If you follow property coverage in Delhi NCR, the cases blur together after a while — and that is the point. The headlines change but the underlying failure modes repeat. Here are the patterns that have shown up again and again in public reporting and consumer forums, and the concrete habit that protects a buyer from each one.
1. Delayed and stalled possession
The most widely reported NCR problem of the last decade: projects sold on a 3–4 year timeline that run far longer, sometimes stalling entirely. The protective habit is to weight a developer’s delivery record in the same micro-market far more heavily than the brochure, the show flat or the amenity list. A builder who has handed over nearby is giving you evidence; a builder who has not is giving you a promise.
2. Diversion of funds and builder insolvency
In several high-profile cases money collected for one project was used elsewhere, and the company later entered insolvency. Two structural protections now exist that did not before: RERA requires a defined portion of buyer money for a project to be kept in a separate project account, and under the Insolvency and Bankruptcy Code homebuyers are recognised as financial creditors, giving them a seat at the resolution table. Neither makes you whole automatically — they improve your position, they do not remove the risk of buying into an over-leveraged developer.
3. Title and ownership defects
Disputed title, an incomplete ownership chain, agricultural land sold without proper conversion, or multiple sales of the same plot. This is the failure that a buyer can most directly prevent, by commissioning an independent title search and a chain-of-title review from a property lawyer — not the seller’s or builder’s lawyer — before any substantial payment.
4. “Assured return” and guaranteed-buyback schemes
Commercial and some residential offers have been marketed with fixed monthly “assured returns” until possession. When the cash flow stops, buyers discover the assurance was only as strong as the company behind it. Treat any guaranteed return as an unsecured loan to the developer, priced accordingly — because that is what it is.
5. Unauthorised construction, deviations and sealing
Extra floors beyond the sanctioned plan, deviations from the approved building plan, or construction on land not cleared for it — all of which can attract demolition or sealing action. The protection is to ask for and read the sanctioned building plan and the Occupation Certificate, and to be sceptical of any unit that exists outside them.

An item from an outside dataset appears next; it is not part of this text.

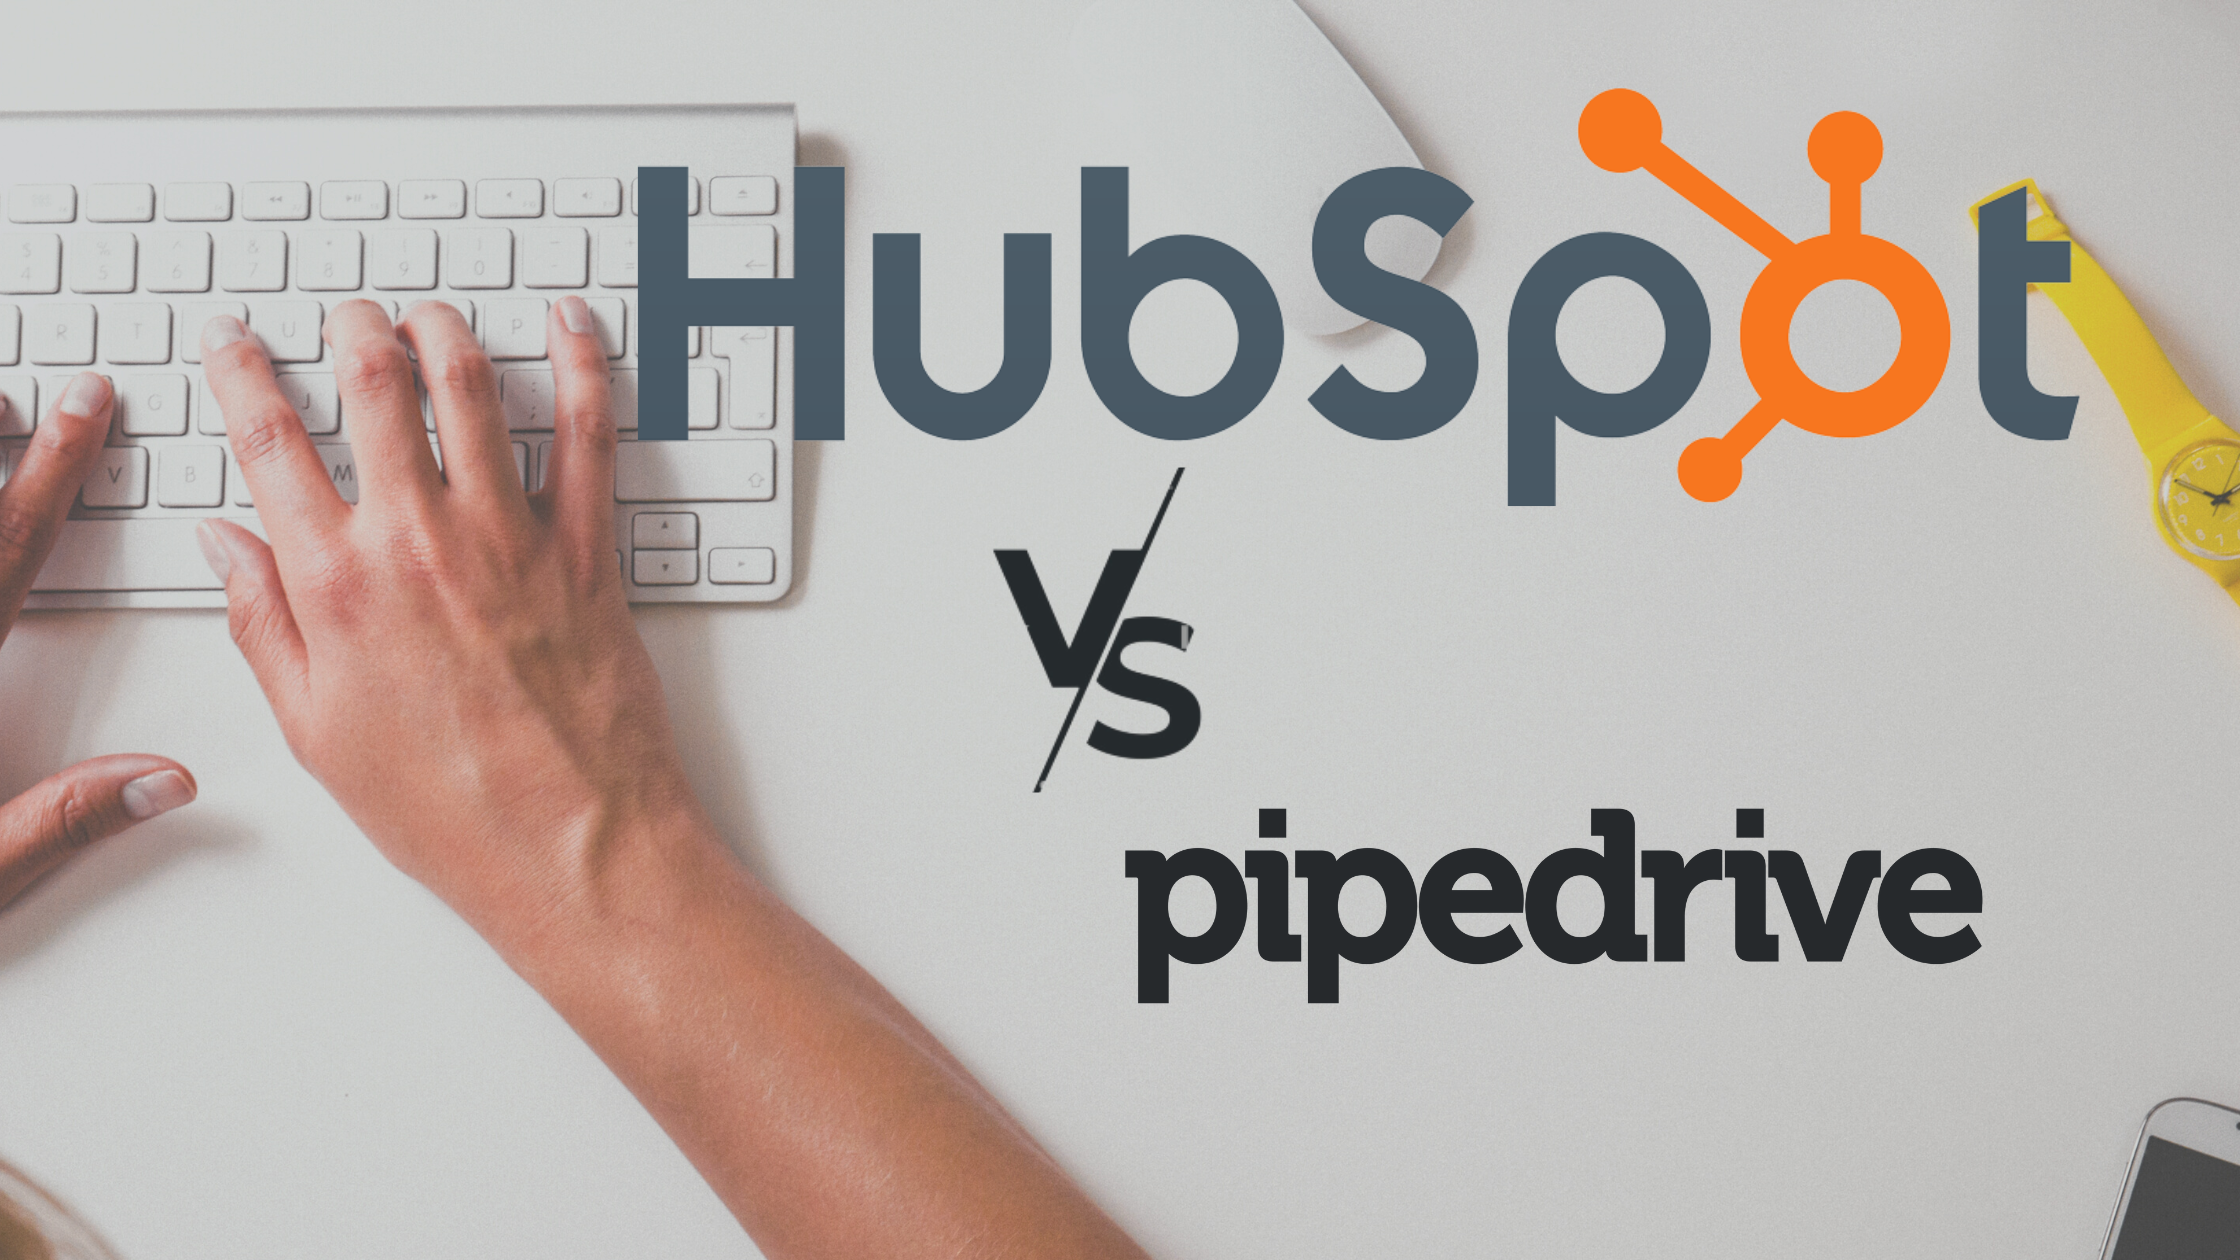 Pipedrive Vs HubSpot: Which CRM Platform is Better?

6. General Power of Attorney “sales”
Especially in parts of Delhi, properties have been transferred via GPA rather than a registered sale deed. The Supreme Court has made clear that a GPA does not convey ownership the way a registered conveyance does. A registered sale deed with proper stamp duty is the document that transfers title — a GPA is not a substitute, however common it once was.
7. Society, maintenance and RWA disputes
Post-possession conflicts over maintenance charges, the handover of common areas, the developer-controlled maintenance company, and the transition to a residents’ association are routine. Ask existing residents — not the sales team — about maintenance and the handover status before you buy into an occupied project.
The common thread
In almost every recurring NCR dispute, the information that would have warned the buyer was obtainable before payment — from a public portal, a registered document, or an honest conversation with existing residents.
The RERA framework (state authorities such as HARERA for Haryana and the Delhi authority for Delhi) gives buyers a complaint forum that did not meaningfully exist before 2017, plus a public register to check a project’s status. It is a powerful tool used early — as a verification step before paying — and a far weaker one used late, as a remedy after a dispute.